**What you need to do**. Verbatim copy without images: return all of the data as it stands.

**Provided material**.
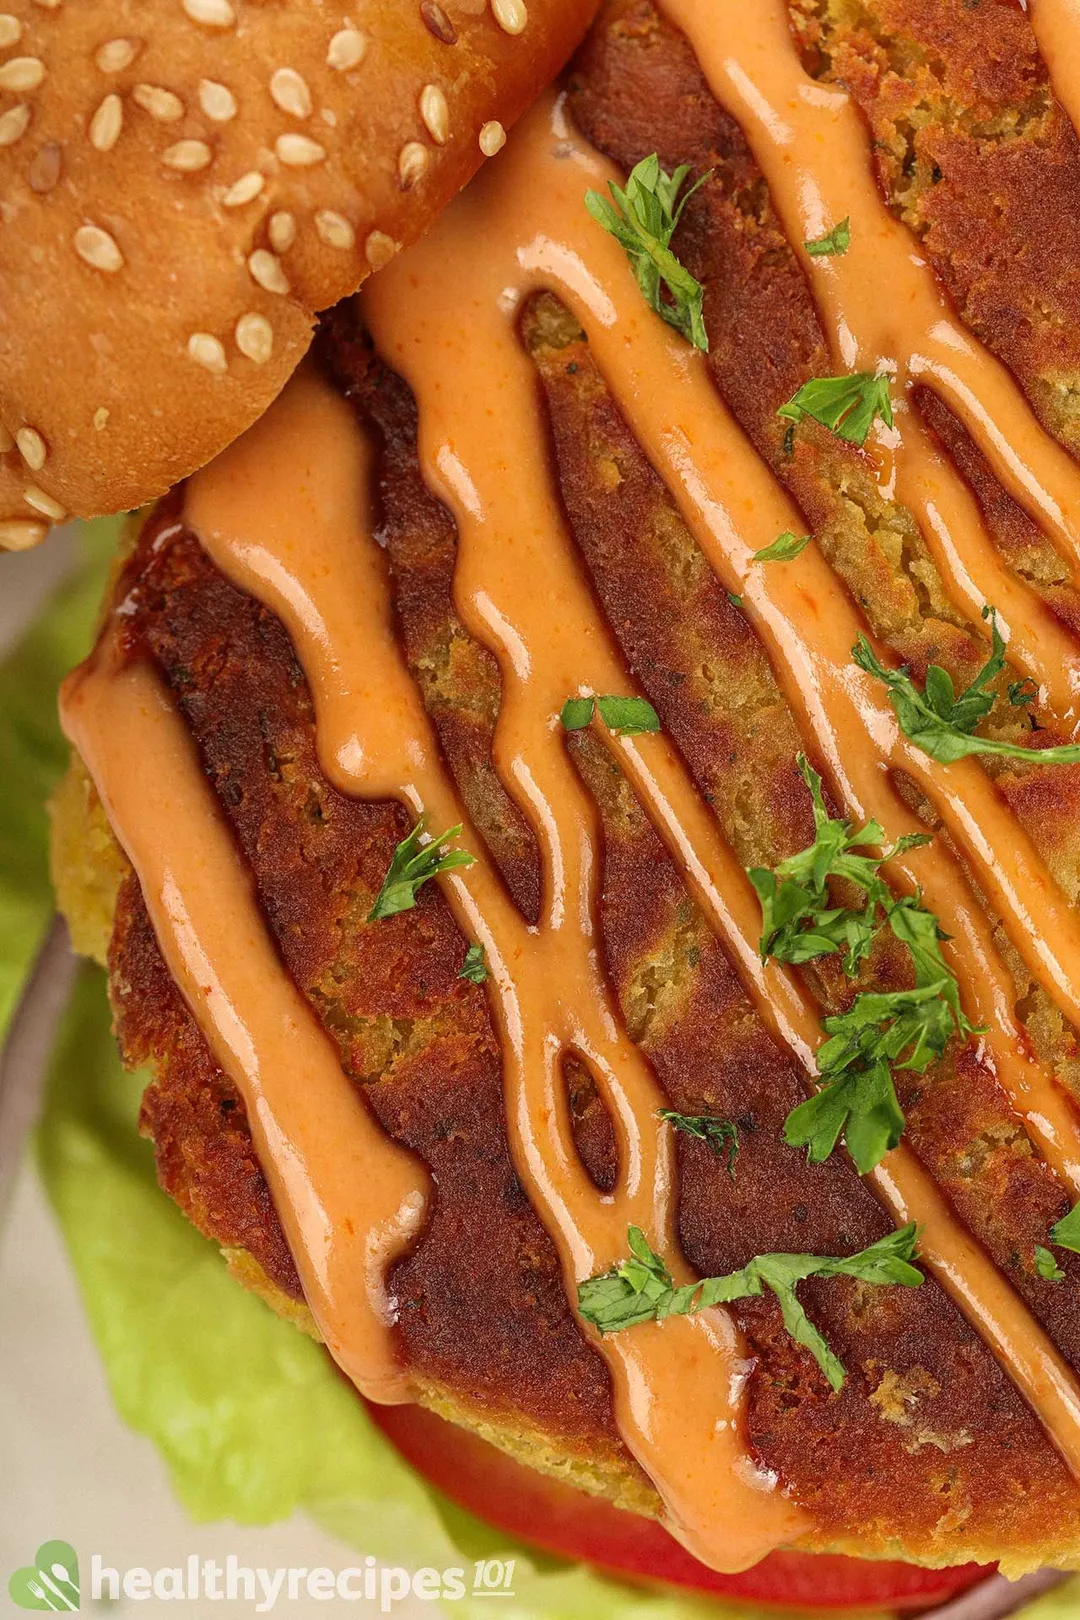 A close-up shot of a chickpea pattie drizzled with an orange sauce and garnished with chopped parsley.
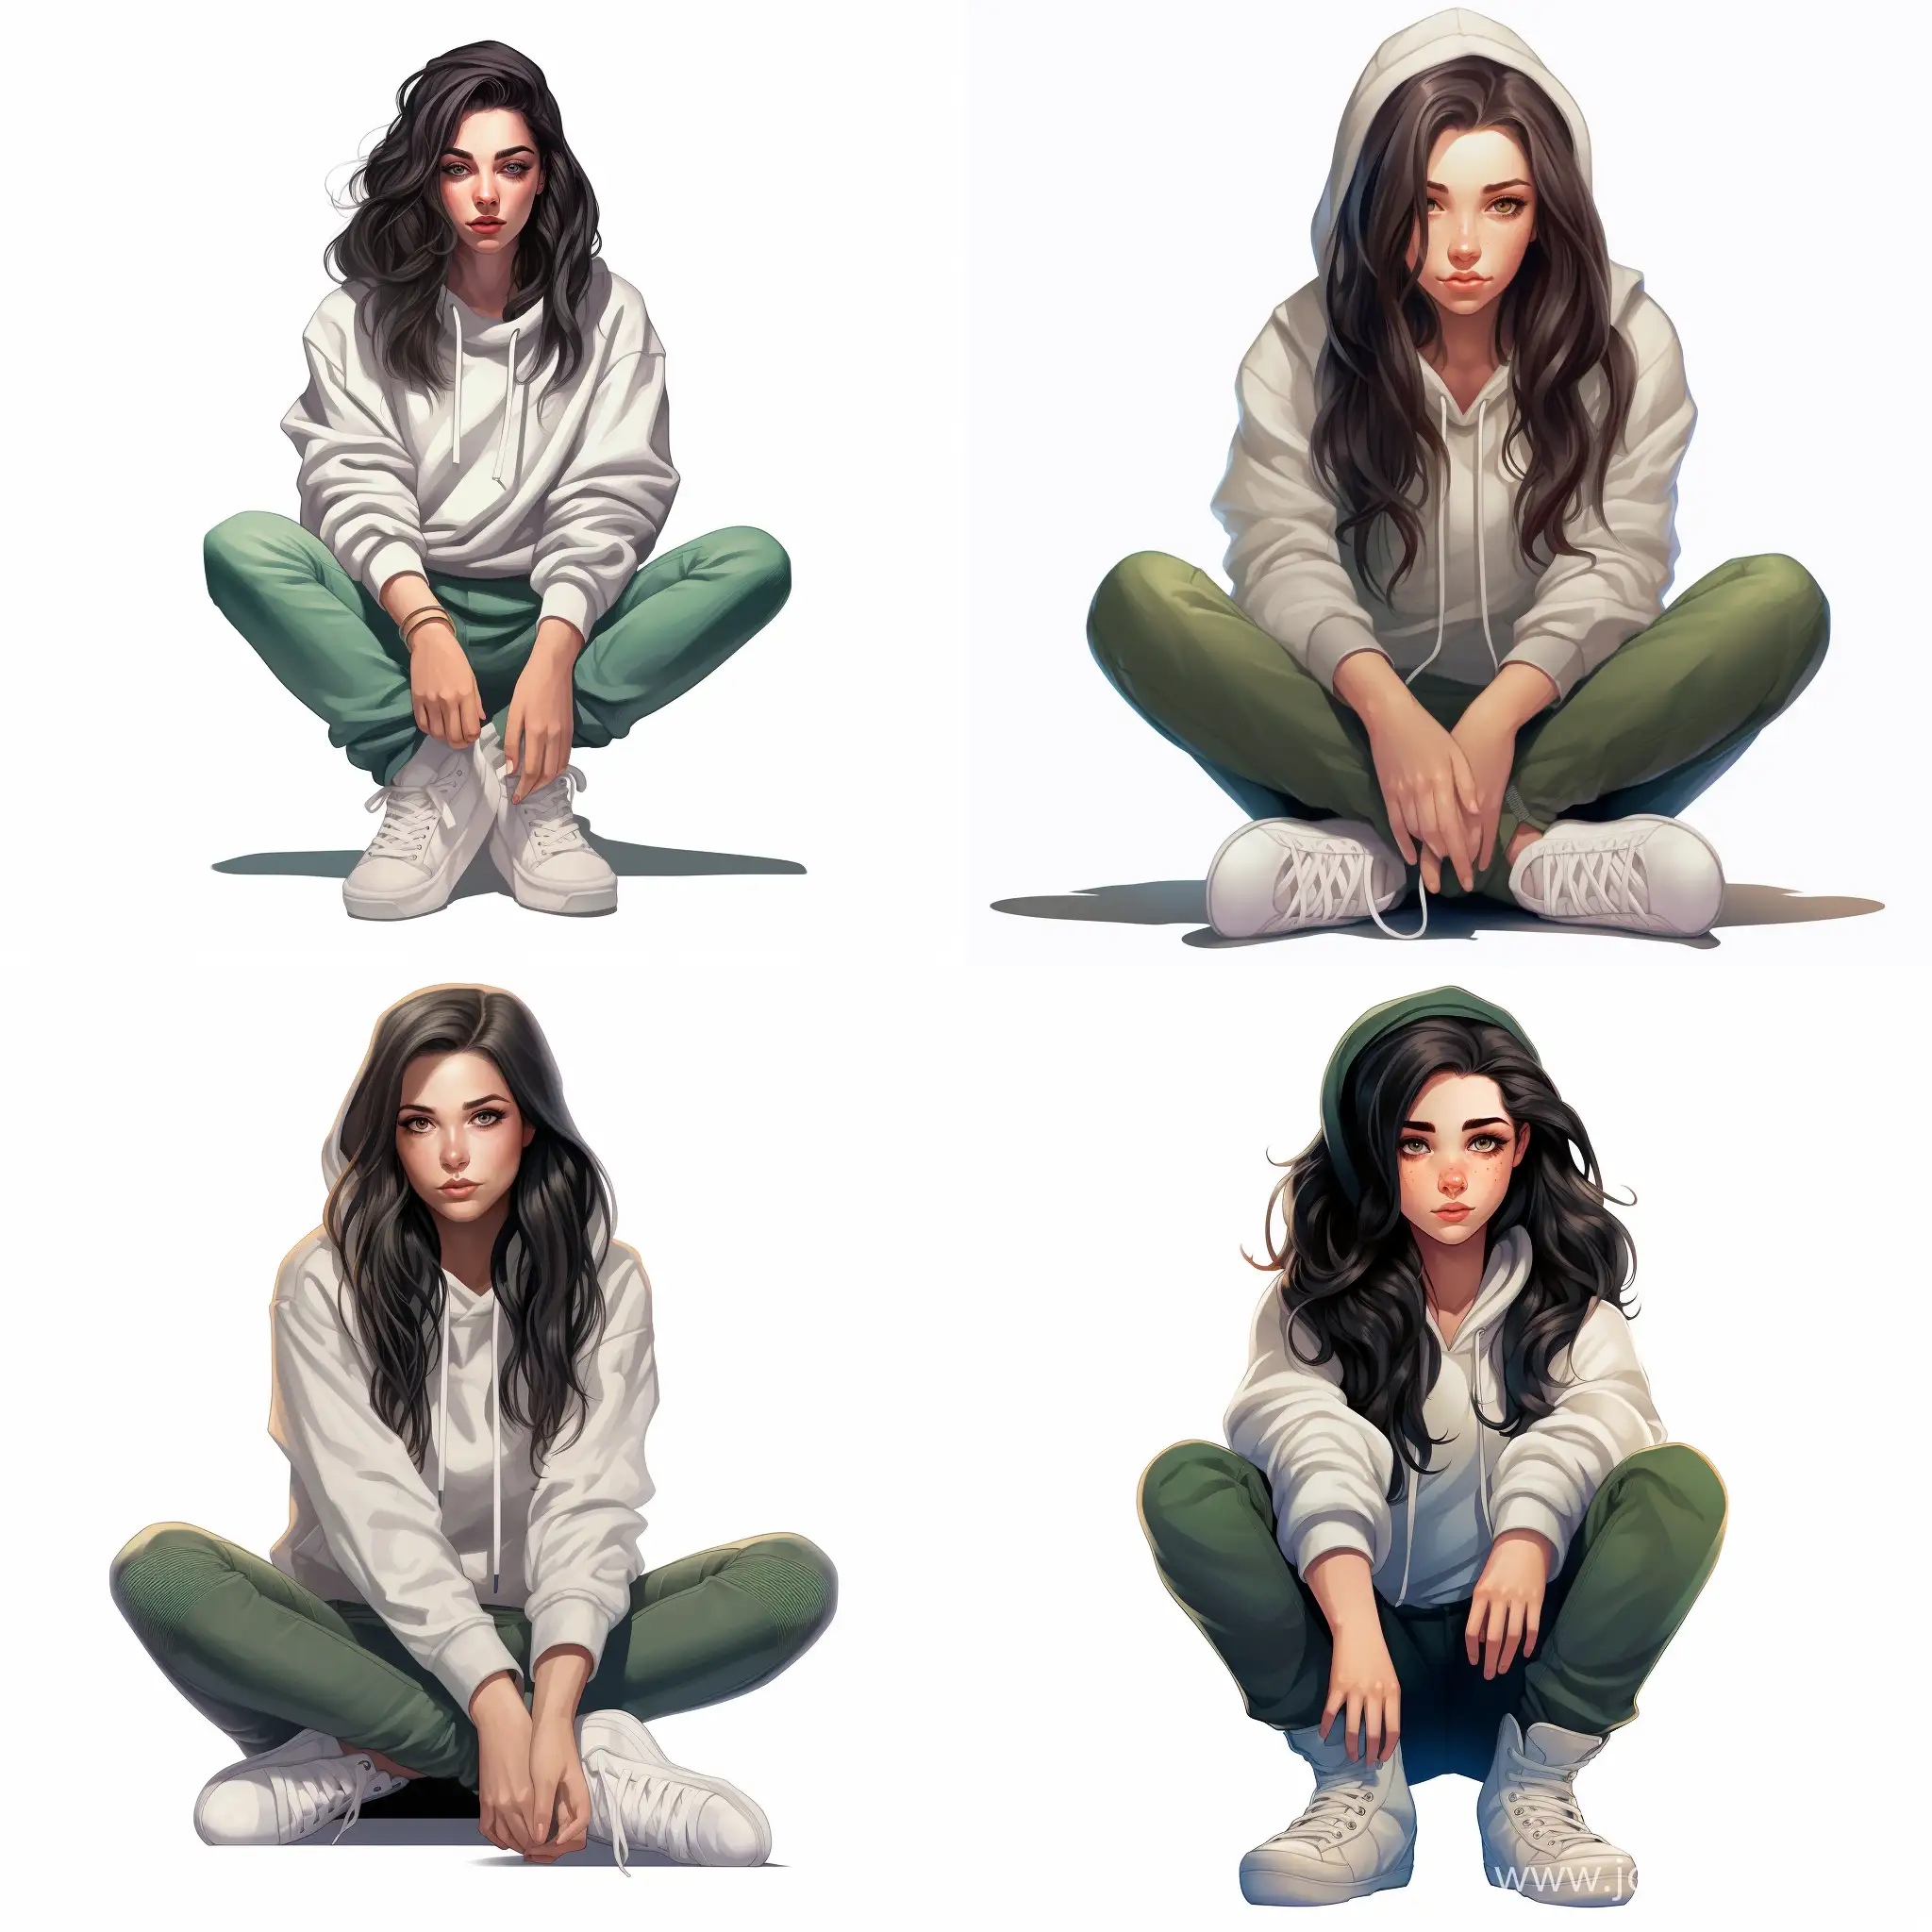 Beautiful girl, straight dark hair, expressive green eyes, snow-white skin, teenager, in hoodie and jeans, sneakers, modern, relaxed, high quality, high detail, cartoon art
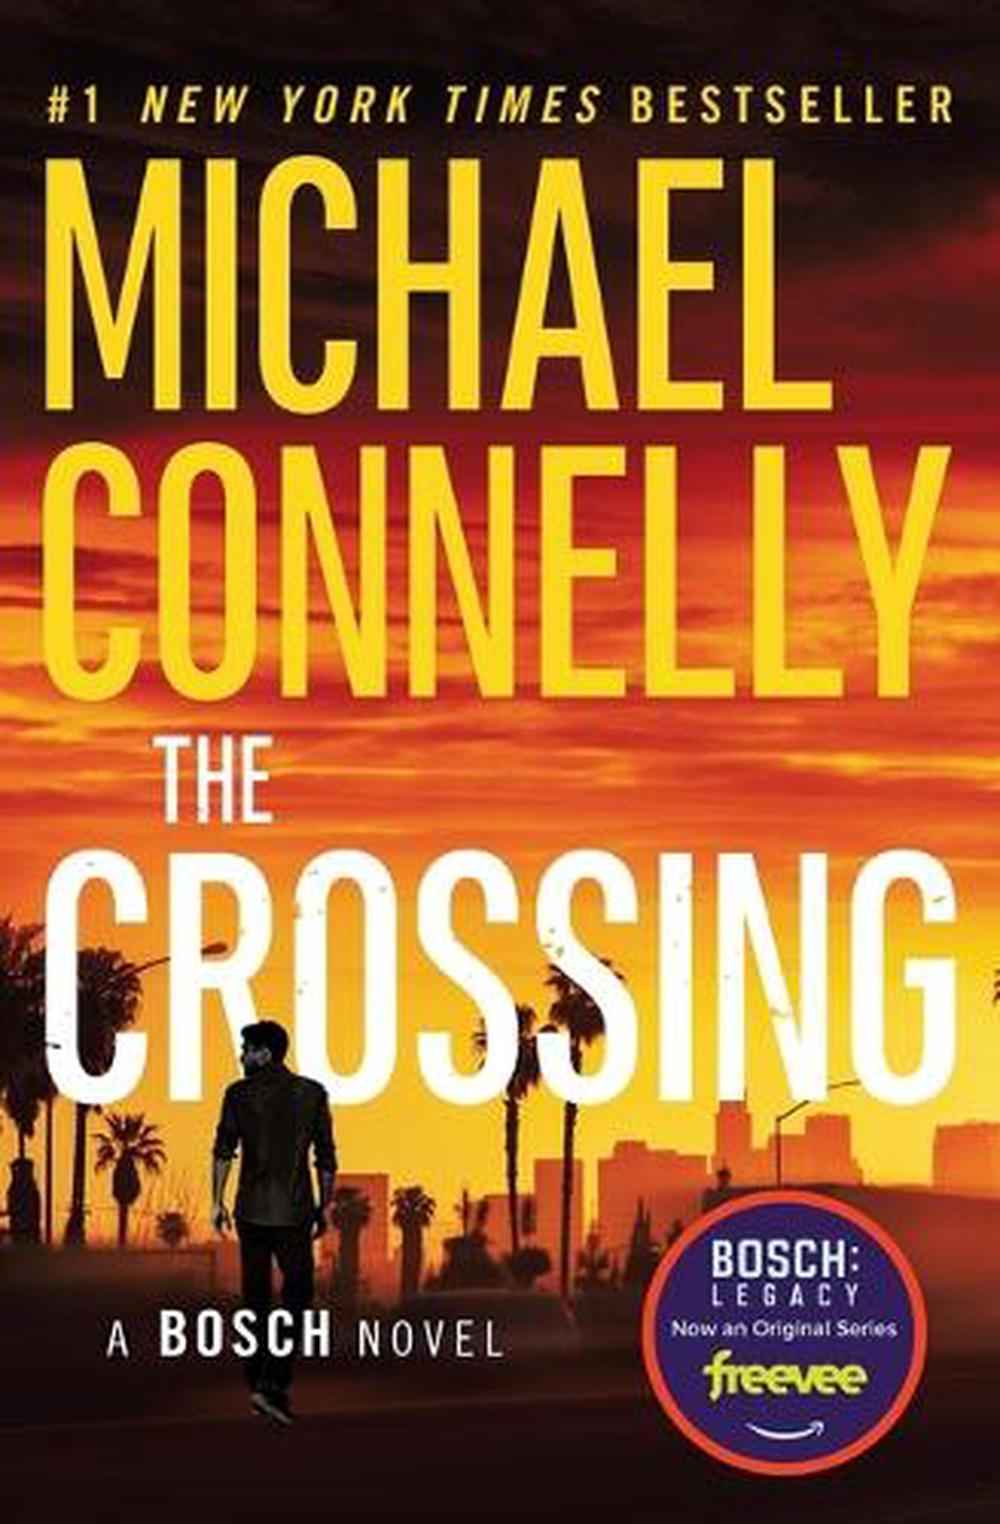 the crossing book by michael connelly

**Problem solution**.
 A close-up shot of a chickpea pattie drizzled with an orange sauce and garnished with chopped parsley.
 Beautiful girl, straight dark hair, expressive green eyes, snow-white skin, teenager, in hoodie and jeans, sneakers, modern, relaxed, high quality, high detail, cartoon art
 the crossing book by michael connelly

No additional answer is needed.